Starworks to run new HPD engine from Sebring

Starworks Motorsport is to pair the latest derivative of Honda's J35 motor with a Riley Gen3 chassis from round tow of the Tudor United SportsCar Championship.
Starworks to run new HPD engine from Sebring

Starworks Motorsport will debut the latest Honda sportscar engine at this year's Sebring 12 Hours, as Honda Performance Development finds a racing application for the versatile, production- based V6.

The Honda HR35TT twin-turbocharged V6 is expected to make its TUDOR United SportsCar Championship debut in the back of a Riley Gen3 prototype chassis, as Starworks builds on its previous successful relationship with HPD which led to LMP2 class victory at the 24 Hours of Le Mans and World Endurance Championship in 2012 with HPD's ARX-03b chassis and HR28TT twin-turbocharged V6.

Starworks becomes the second team to utilise Honda power for the new TUDOR championship, as Extreme Speed Motorsports already campaigns a pair of prototype class HPD ARX-03b Hondas, after a successful initial season with the same package in the 2013 American Le Mans Series.

"This is an exciting programme for HPD and our customer teams in the TUDOR United SportsCar Championship," Steve Eriksen, HPD vice-president and COO, admitted, "Adding Starworks, a team that achieved great success with us in 2012, in a prototype machine alongside the proven HPD-Honda combination run by Extreme Speed Motorsports provides HPD with a strong, balanced attack in the inaugural TUDOR Championship."

Starworks Motorsport has compiled an enviable record in Daytona Prototype competition, with five race victories, including back-to-back wins at Indianapolis in 2012 and 2013 and a second-place finish in the Daytona Prototype team championship in 2012, with two victories and six podium finishes.
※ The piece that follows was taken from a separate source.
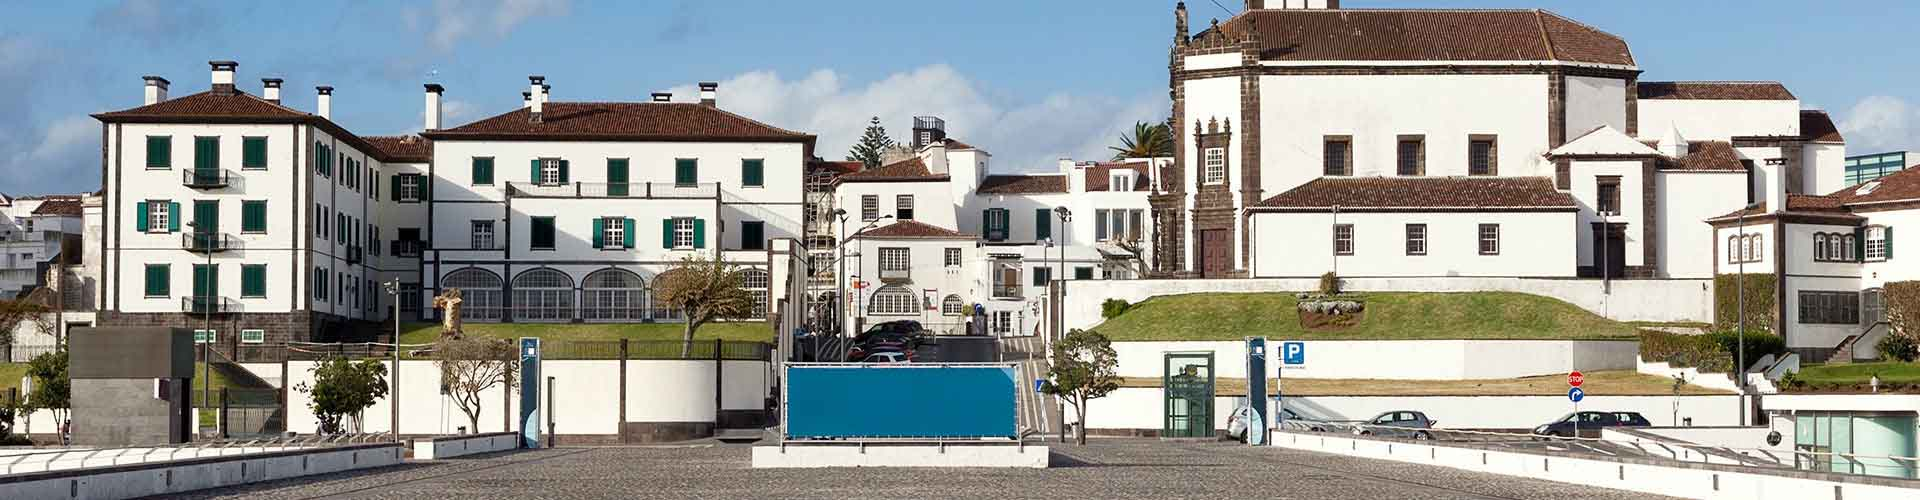 Ponta Delgada - Chambres à Ponta Delgada. Cartes pour Ponta Delgada, photos et commentaires pour chaque chambre à Ponta Delgada.
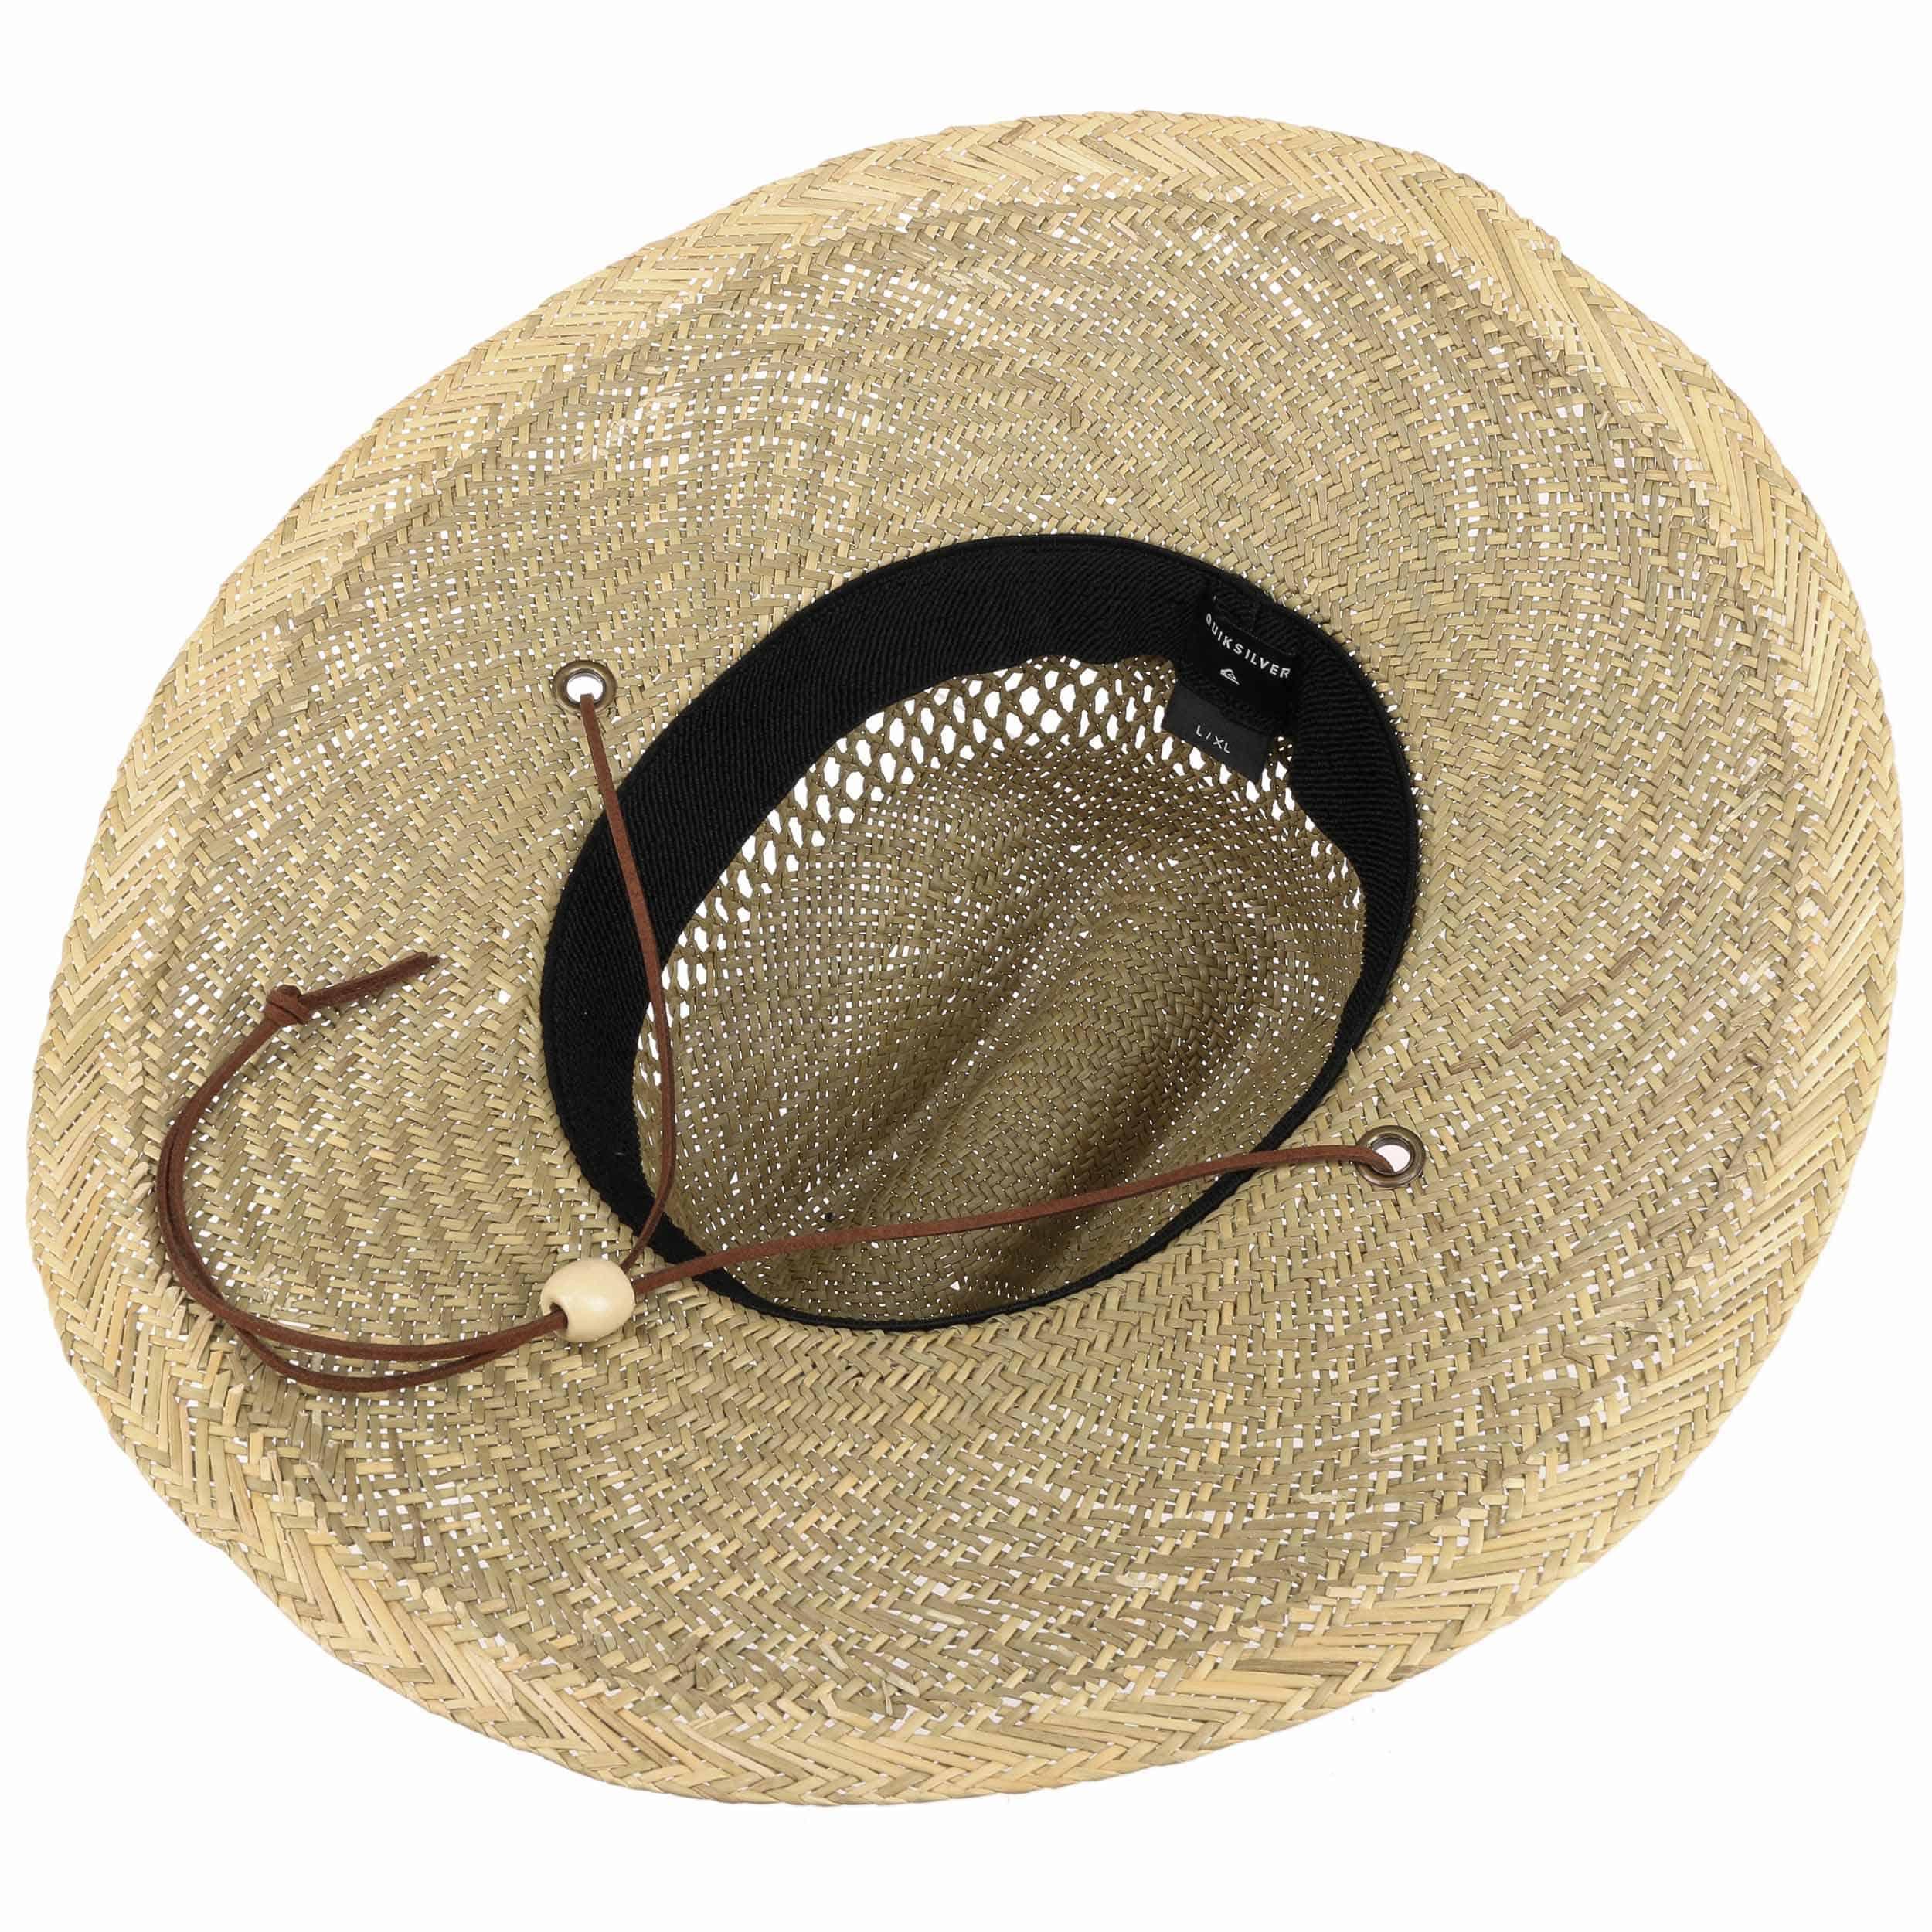 ... Sombrero de Paja Lifeguard Pierside by Quiksilver - natural 2 ... a4f5d21e07b

That same year, Starworks became the first American-based prototype team to win an FIA World Championship since 1968, and HPD won its first world title in WEC competition.

"It's a fantastic feeling to be partnering with Honda once again," Starworks team owner Peter Baron confirmed, "No doubt we had amazing success with HPD in 2012, but, unfortunately, it was only a one-year programme.

"We have had numerous conversations over the past two years about building a Daytona Prototype motor and we're thrilled to see it come to fruition. We absolutely love working with HPD and have been in collaboration to find a new opportunity to partner with them again. We will have our work cut out with the steep learning curve to get us to Victory Lane, but HPD brings determination and success to every programme it touches. Although HPD already competes in the Prototype class, we feel this is huge step for the TUDOR series and Starworks is thrilled to be part of it."

The HPD-developed twin-turbocharged Honda engines to be used in the TUDOR championship are both derived from the Honda J35 series of production V6 engines, and include relevant twin-turbocharger technology, along with the efficiency provided by direct fuel injection. The first, the HR28TT, was designed for LMP2 competition and won in its American Le Mans Series debut in 2011. The engine has gone on to record 24 individual race victories and three series titles in the American Le Mans Series, World Endurance Championship and European Le Mans Series Competition. Other variants of the engine have been raced in Japan's Autobacs SuperGT Championship, the One Lap of America competitive rally and Pikes Peak International Hillclimb.